How to use TfidfVectorizer sklearn in python

MlopsHow-ToBeginner · 4 min read

How to Use TfidfVectorizer in sklearn with Python

Use TfidfVectorizer from sklearn.feature_extraction.text to convert text documents into TF-IDF feature vectors. Initialize it, then call fit_transform() on your text data to get the TF-IDF matrix.

📐

Syntax

The basic syntax to use TfidfVectorizer is:

TfidfVectorizer(): Creates the vectorizer object with optional parameters.
fit_transform(texts): Learns vocabulary and idf from the texts, then transforms texts into TF-IDF features.
transform(new_texts): Transforms new texts using the learned vocabulary and idf.

python

from sklearn.feature_extraction.text import TfidfVectorizer

vectorizer = TfidfVectorizer()
tfidf_matrix = vectorizer.fit_transform(texts)
new_tfidf = vectorizer.transform(new_texts)

💻

Example

This example shows how to convert a list of text documents into a TF-IDF matrix and print the feature names and matrix values.

python

from sklearn.feature_extraction.text import TfidfVectorizer

texts = [
    "the cat sat on the mat",
    "the dog ate my homework",
    "cats and dogs are friends"
]

vectorizer = TfidfVectorizer()
tfidf_matrix = vectorizer.fit_transform(texts)
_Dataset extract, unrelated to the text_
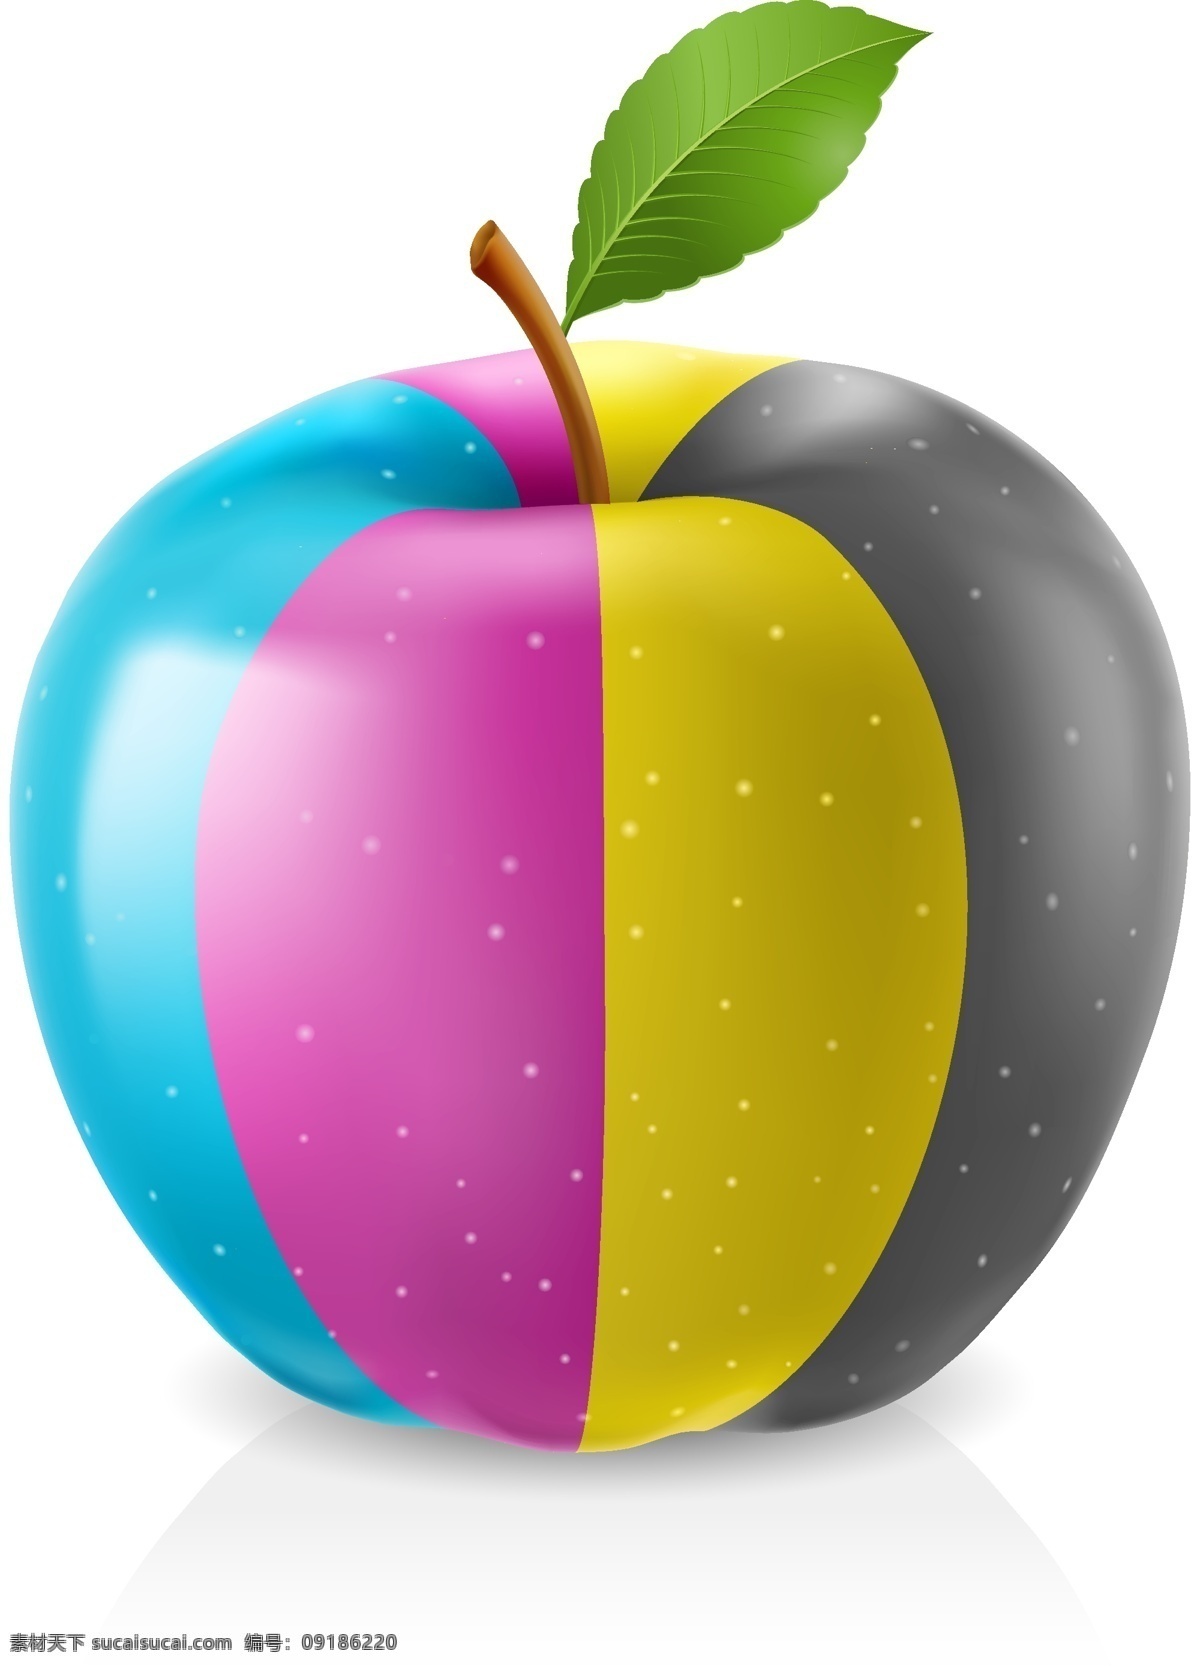 彩色 色彩 四种颜色 彩卡 色彩样品 色谱 苹果 彩色苹果 生活百科 矢量素材 白色

print("Feature names:", vectorizer.get_feature_names_out())
print("TF-IDF matrix:\n", tfidf_matrix.toarray())

Output

Feature names: ['and' 'are' 'ate' 'cat' 'cats' 'dog' 'dogs' 'homework' 'mat' 'my' 'on' 'sat' 'the' 'friends'] TF-IDF matrix: [[0. 0. 0. 0.57973867 0. 0. 0. 0. 0.81480247 0. 0.57973867 0.57973867 0.41482111 0. ] [0. 0. 0.70710678 0. 0. 0.70710678 0. 0.70710678 0. 0.70710678 0. 0. 0.41482111 0. ] [0.57735027 0.57735027 0. 0. 0.57735027 0. 0.57735027 0. 0. 0. 0. 0. 0.41482111 0.57735027]]

⚠️

Common Pitfalls

Common mistakes when using TfidfVectorizer:

Not fitting the vectorizer before transforming new data causes errors.
Passing raw strings to transform() without fitting first.
Ignoring stop words which can add noise; use stop_words='english' to remove common words.
Not converting sparse matrix to array when printing or processing.

python

from sklearn.feature_extraction.text import TfidfVectorizer

texts = ["hello world", "machine learning"]
vectorizer = TfidfVectorizer()

# Wrong: transform before fit
# tfidf_matrix = vectorizer.transform(texts)  # This will raise an error

# Right way:
tfidf_matrix = vectorizer.fit_transform(texts)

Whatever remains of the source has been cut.